近年来,视觉语言模型取得了显著的进步,在诸如光学字符识别和几何问题求解等任务中表现出色。然而,仍然存在几个关键问题:1)专有模型通常缺乏透明度,而开源模型需要更详细的训练策略的抽象。2)开源作品中预训练数据的发掘程度不高,数据是通过经验添加的,使得整个过程变得繁琐。3)微调通常专注于增加数据集,导致回报递减。为解决这些问题,我们提出了以下贡献:1)我们使用最新的视觉语言模型改进训练了一个健壮的基准模型,引入了有效的改进并进行了全面的技术消融和验证。2)受到大语言模型最近工作的启发,我们使用皮尔比(perplexity)对预训练数据进行筛选,选择最低皮尔比的数据进行训练。这种方法使我们能够在精心挑选的1M个数据集上进行训练,实现与最先进模型的竞争性能。3)在视觉指令微调期间,我们在添加更多数据集时使用模型 soup。这些创新使得我们在不同的数据集上获得了微小的改进。这些改进导致了一个9B参数的模型,与最先进模型的性能相当。我们的策略既高效又轻便,这使得它们很容易为社区所接受。

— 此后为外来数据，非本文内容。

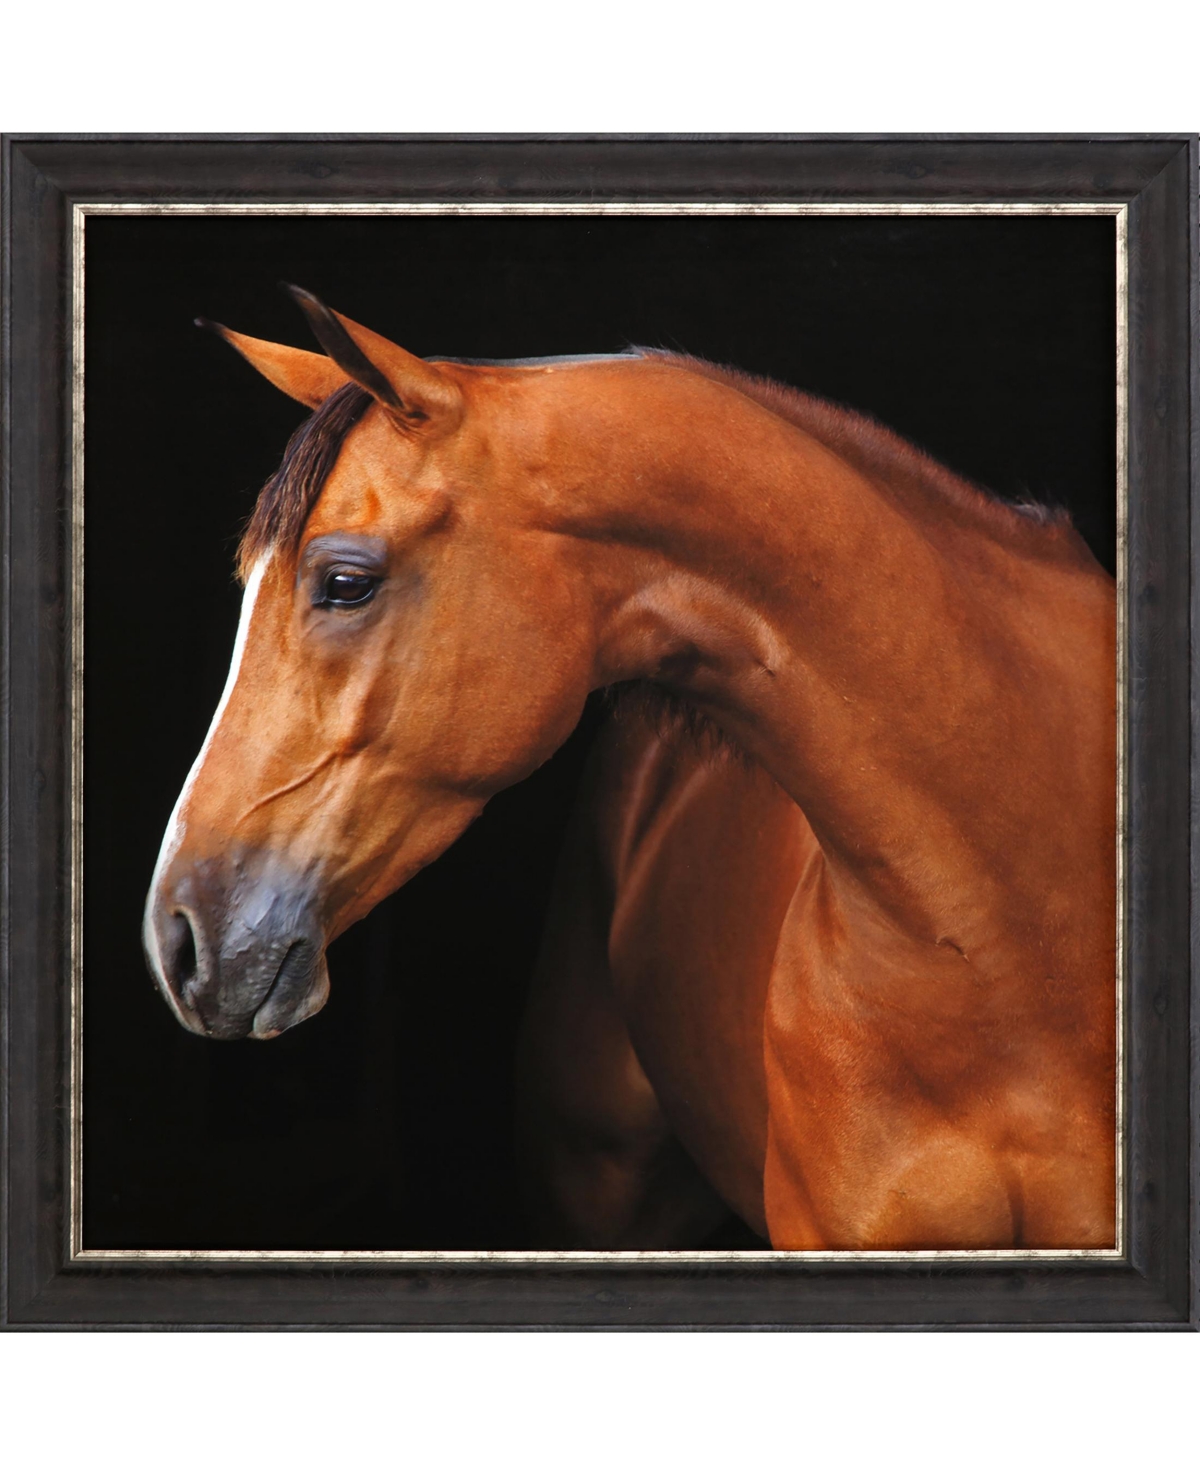 Paragon Picture Gallery Jack The Horse Framed Art In Brown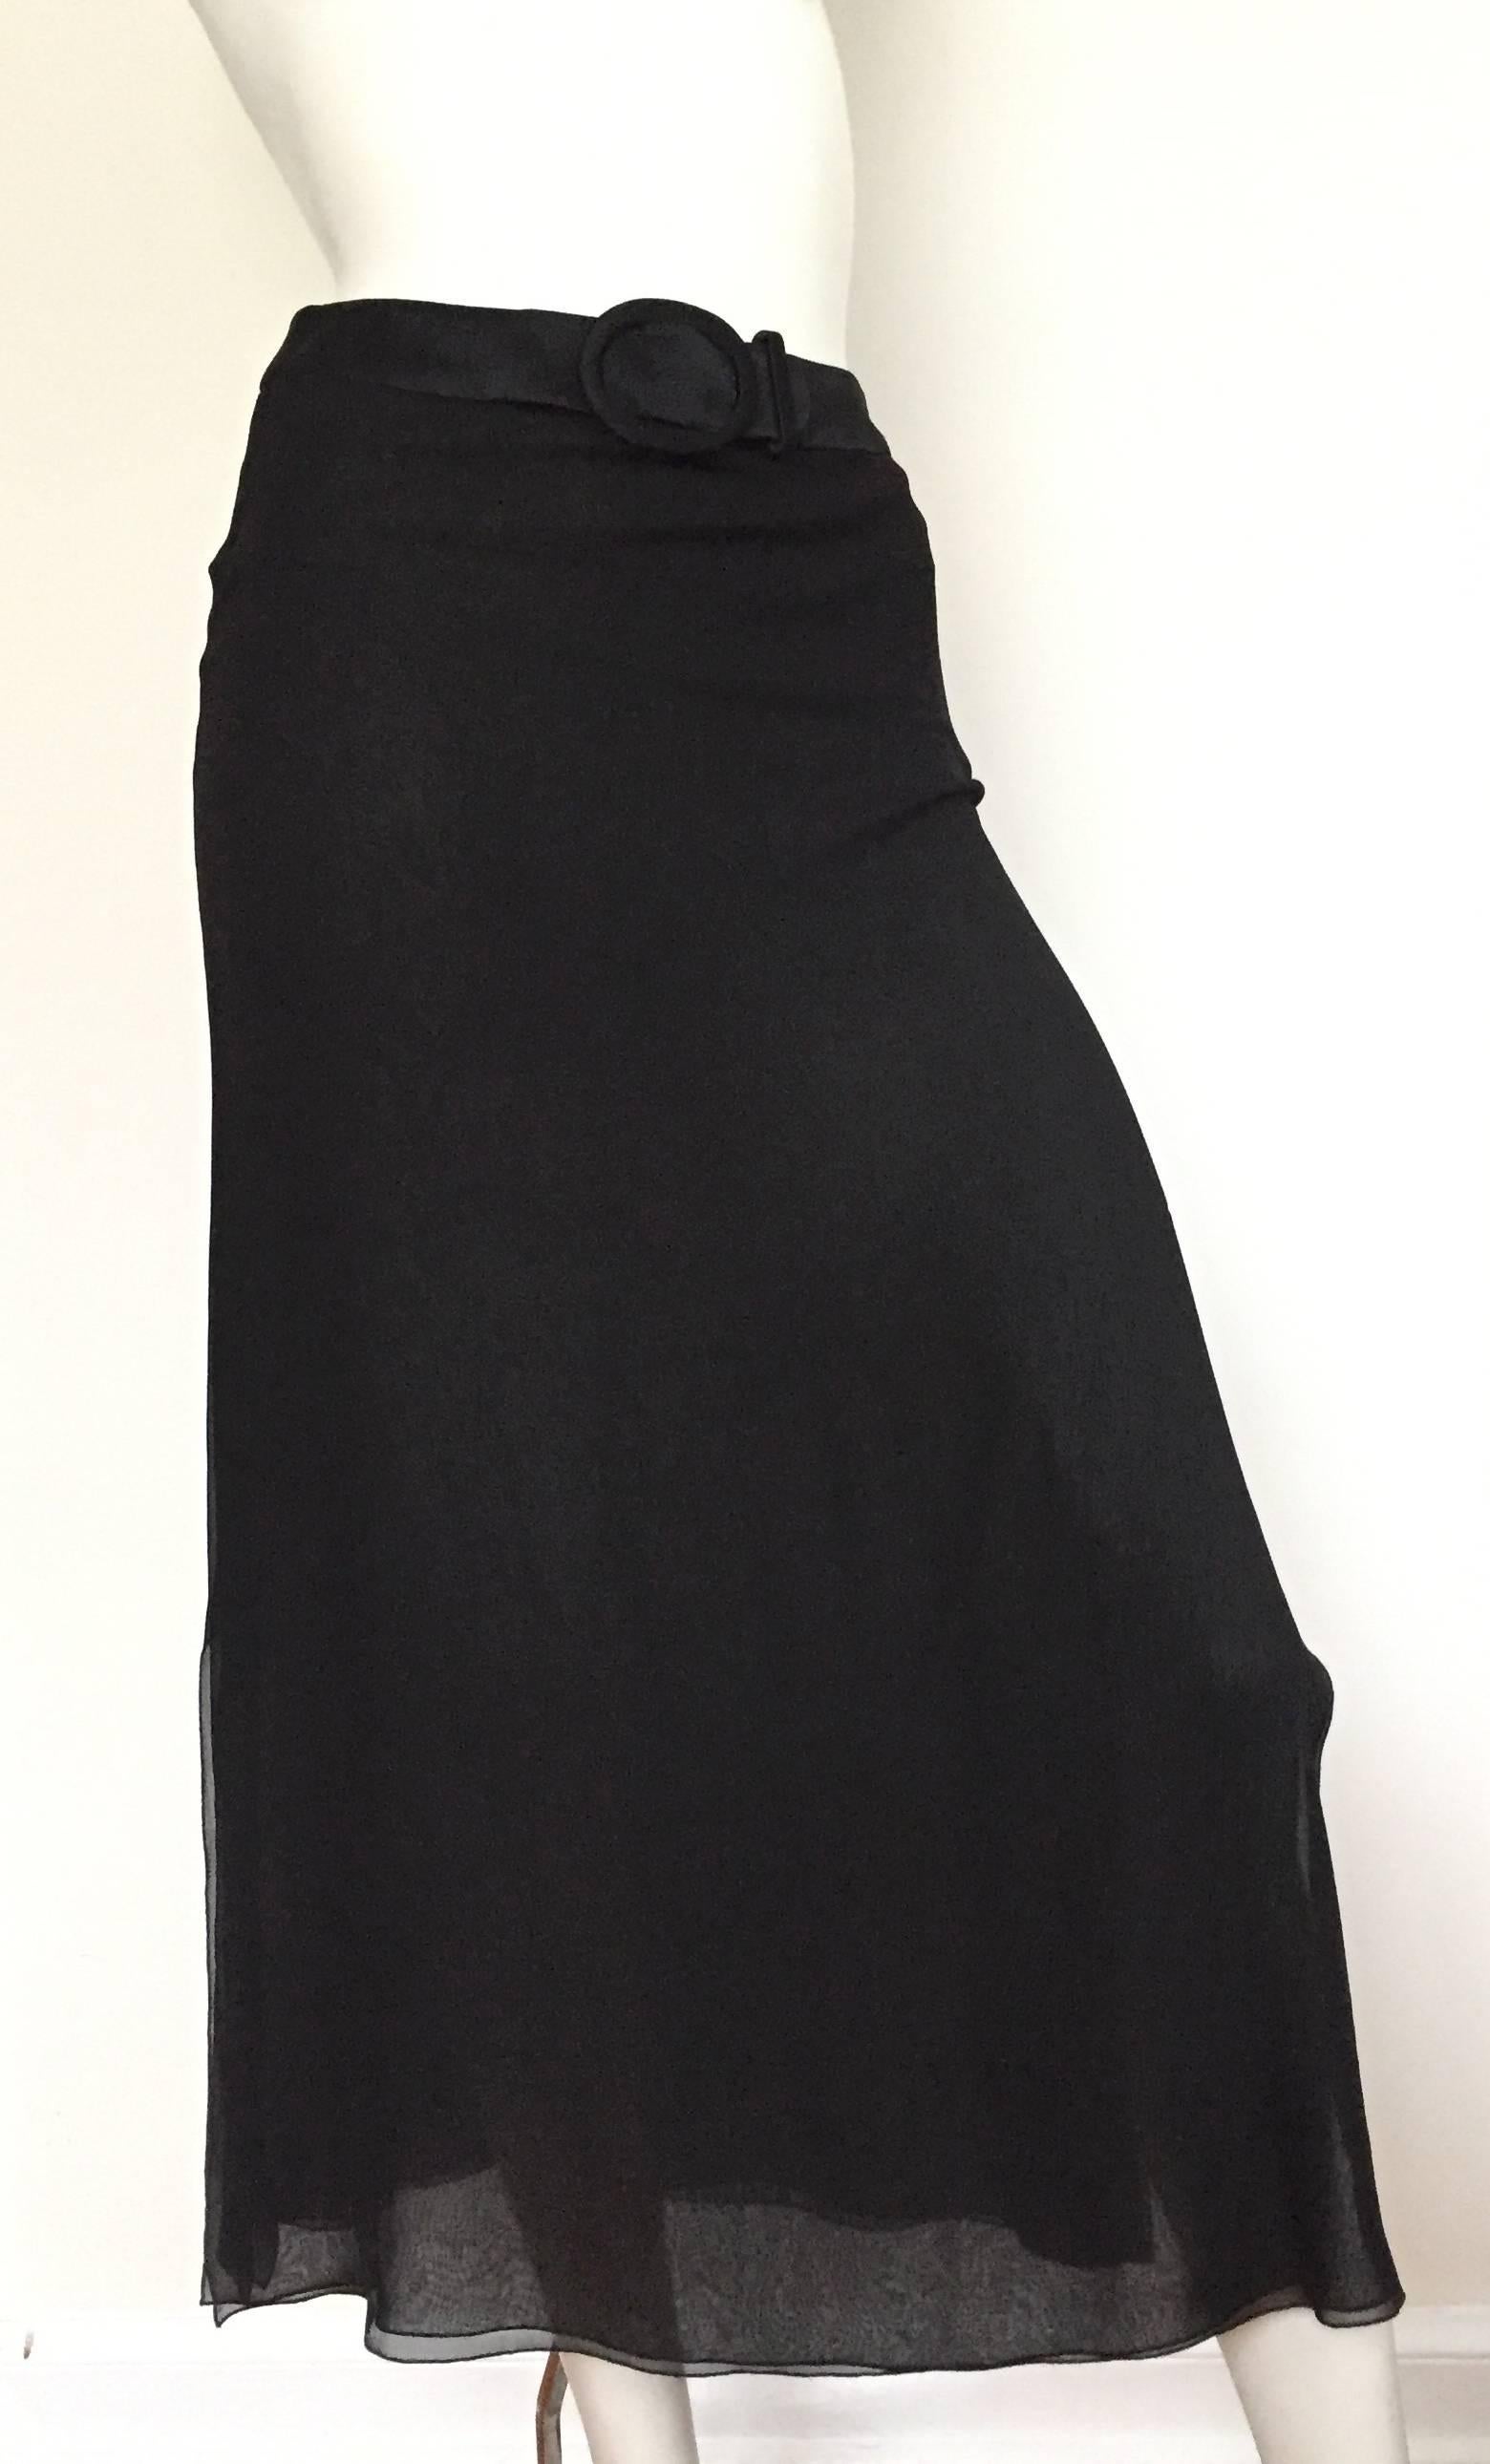 Valentino Boutique 1980s long black silk skirt size 6.  Please see & use measurements so that you can properly measure your lovely body. There are two flowing layers of silk with sexy slits on both sides of skirt. This is a stunning long elegant

https://arxiv.org/abs/2409.04828
Optical Character Recognition (OCR) continues to face accuracy challenges that impact subsequent applications. To address these errors, we explore the utility of OCR confidence scores for enhancing post-OCR error detection. Our study involves analyzing the correlation between confidence scores and error rates across different OCR systems. We develop ConfBERT, a BERT-based model that incorporates OCR confidence scores into token embeddings and offers an optional pre-training phase for noise adjustment. Our experimental results demonstrate that integrating OCR confidence scores can enhance error detection capabilities. This work underscores the importance of OCR confidence scores in improving detection accuracy and reveals substantial disparities in performance between commercial and open-source OCR technologies.
光学字符识别(OCR)继续面临着准确性挑战,这些挑战会影响后续应用。为解决这些问题,我们探讨了OCR置信分数在提高后OCR错误检测中的应用价值。我们的研究涉及分析不同OCR系统之间置信分数与错误率之间的相关性。我们开发了ConfBERT,一种基于BERT的模型,它将OCR置信分数融入词向量表示中,并提供了可选的噪声调整预训练阶段。我们的实验结果表明,将OCR置信分数集成到系统中可以提高错误检测能力。这项工作强调了OCR置信分数在提高检测准确性的重要性,并揭示了商业和开源OCR技术之间的巨大性能差异。
https://arxiv.org/abs/2409.04117
Traditional OCR systems (OCR-1.0) are increasingly unable to meet people's usage due to the growing demand for intelligent processing of man-made optical characters. In this paper, we collectively refer to all artificial optical signals (e.g., plain texts, math/molecular formulas, tables, charts, sheet music, and even geometric shapes) as "characters" and propose the General OCR Theory along with an excellent model, namely GOT, to promote the arrival of OCR-2.0. The GOT, with 580M parameters, is a unified, elegant, and end-to-end model, consisting of a high-compression encoder and a long-contexts decoder. As an OCR-2.0 model, GOT can handle all the above "characters" under various OCR tasks. On the input side, the model supports commonly used scene- and document-style images in slice and whole-page styles. On the output side, GOT can generate plain or formatted results (markdown/tikz/smiles/kern) via an easy prompt. Besides, the model enjoys interactive OCR features, i.e., region-level recognition guided by coordinates or colors. Furthermore, we also adapt dynamic resolution and multi-page OCR technologies to GOT for better practicality. In experiments, we provide sufficient results to prove the superiority of our model.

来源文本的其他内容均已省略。